Obras de teatro en los matutinos de la escuela, coros, actos cívicos en los que nadie osaba hablar mientras cantábamos el Himno Nacional y se izaba la bandera, fiestas de diversa índole y otras propuestas fueron, también, aderezos de nuestra vida pioneril. Después la organización modificó su nombre y la edad de ingreso se extendió a la de la Enseñanza Secundaria, que en aquellos tiempos era el inicio de la pertenencia a la FEEM, como creo que aún debiera ser hoy.
Y llegó el ingreso a la Unión de Jóvenes Comunistas, que solía sorprendernos, en ocasiones, antes de que cumpliéramos los 15 años. Con él, se arreció el fogueo al carácter y a la responsabilidad, sobre todo en aquellas memorables etapas de Escuela al Campo, cuando el trabajo jamás resultó carga, sino disfrute.
Desalmidonadas, aunque serias, solían ser las iniciativas, que nos acompañaron hasta más allá de la universidad. La historia de la nación cubana y de países amigos estuvo siempre a modo de denominador común, cuando, ya en el periódico Escambray, nos tocó la suerte de integrar un Comité de Base resuelto y dinámico.
Velar por bustos de las áreas cercanas, visitar fábricas y museos, promover encuentros de lectura y debates de cine, apoyar a cada joven de su radio de acción; todo ello integra la memoria de los otrora militantes de la UJC en las décadas del 80 y el 90. El paso por ambas organizaciones nos preparó para la vida; nos volvió alegres y a la vez profundos.
No digo que ahora sea exactamente diferente, pero siento que no es igual. No puede ser igual cuando el contexto es otro. Organización política de vanguardia de la juventud cubana, la Unión de Jóvenes Comunistas es también la principal cantera para el ingreso a las filas del Partido. Por eso le corresponde seguir siendo ese grupo al que se quiera pertenecer porque sus propuestas interesen y atraigan.

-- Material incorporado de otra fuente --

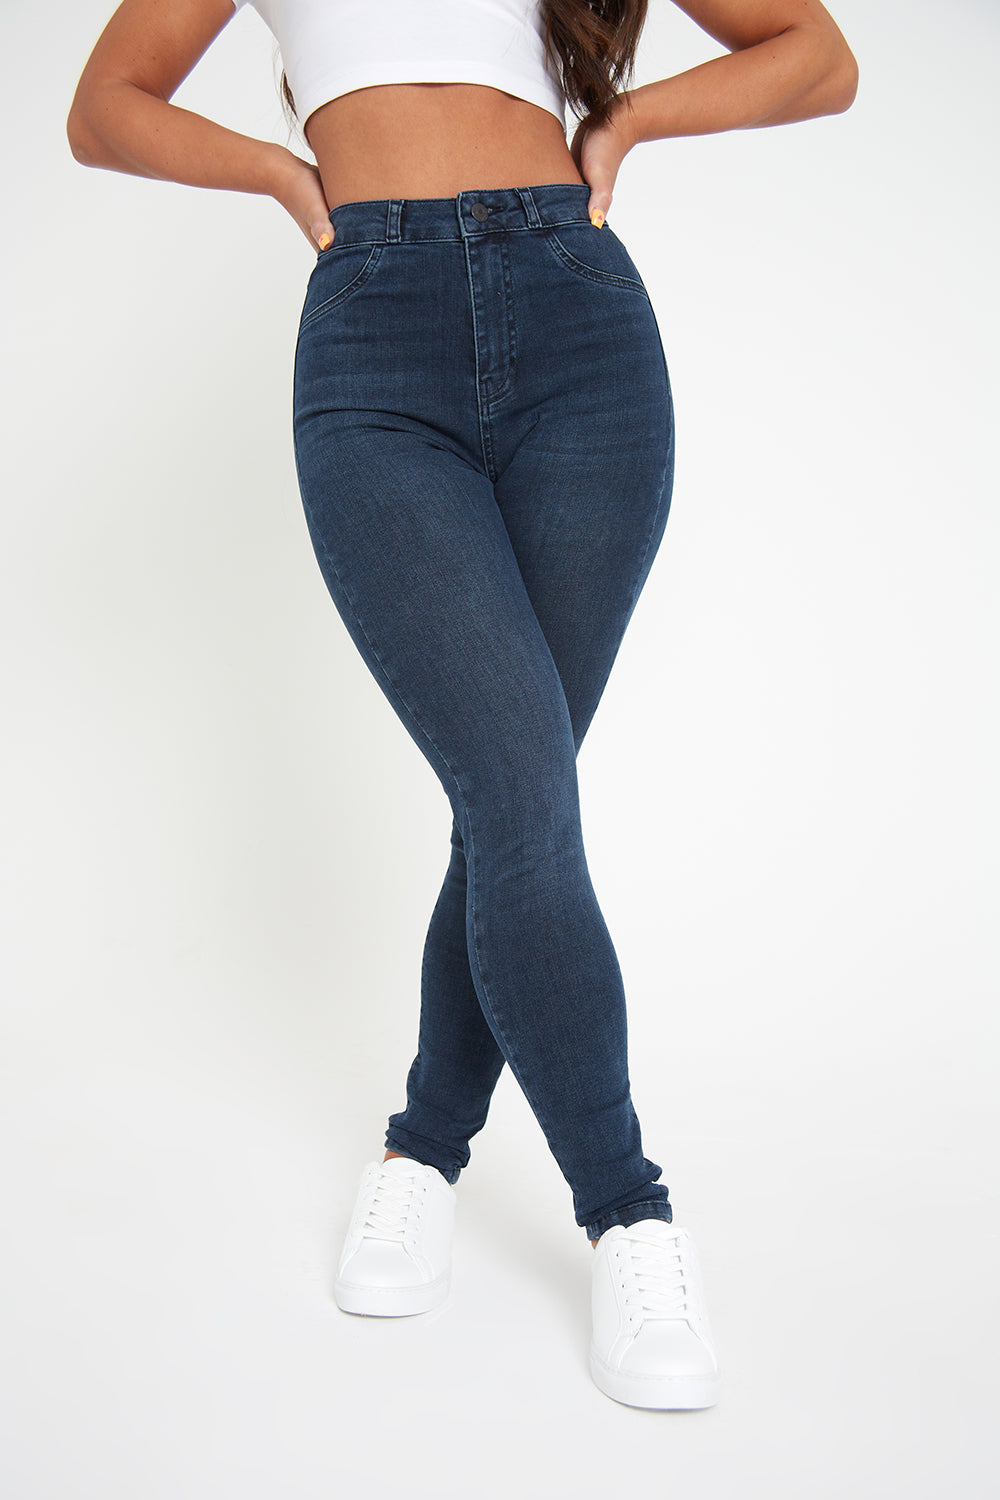 High Waist Jeans for Women, Women's High Rise Jeans

Este es, por más que avancen los tiempos y las tecnologías, el mismo país y el mismo continente donde vivió, luchó y fundó Ernesto Che Guevara, quien sostenía que los jóvenes comunistas debían ser “los primeros en estar dispuestos para los sacrificios que la Revolución demande, cualquiera que sea la índole de esos sacrificios. Los primeros en el trabajo. Los primeros en el estudio. Los primeros en la defensa del país”. Y los llamó al ejemplo, desde quienes dirigen hasta el último de los miembros, sin renunciar a la inconformidad edificante.
Se puede, estoy segura, ser fresco y espontáneo, como también recomendaba él, sin perder la hondura de los razonamientos. Se debe, creo, recuperar el terreno perdido, lo mismo en materia de organización que en los resortes de convocatoria, los procedimientos para ciertos análisis o los procesos de crecimiento, que son la garantía de continuidad. Argumentos no faltan para seguir siendo banderas, pero banderas de verdad.
Nacidas un 4 de abril, la una en 1961 y la otra en 1962, la Organización de Pioneros y la UJC celebran sus respectivos cumpleaños. A ambas corresponde seguir siendo fraguas de nuevas generaciones de cubanos, con visión futura, con fórmulas que enganchen. Todo está en que la membresía se identifique con las ideas —nacidas del esfuerzo común— y las ponga, de la mejor forma posible, al servicio de la nación.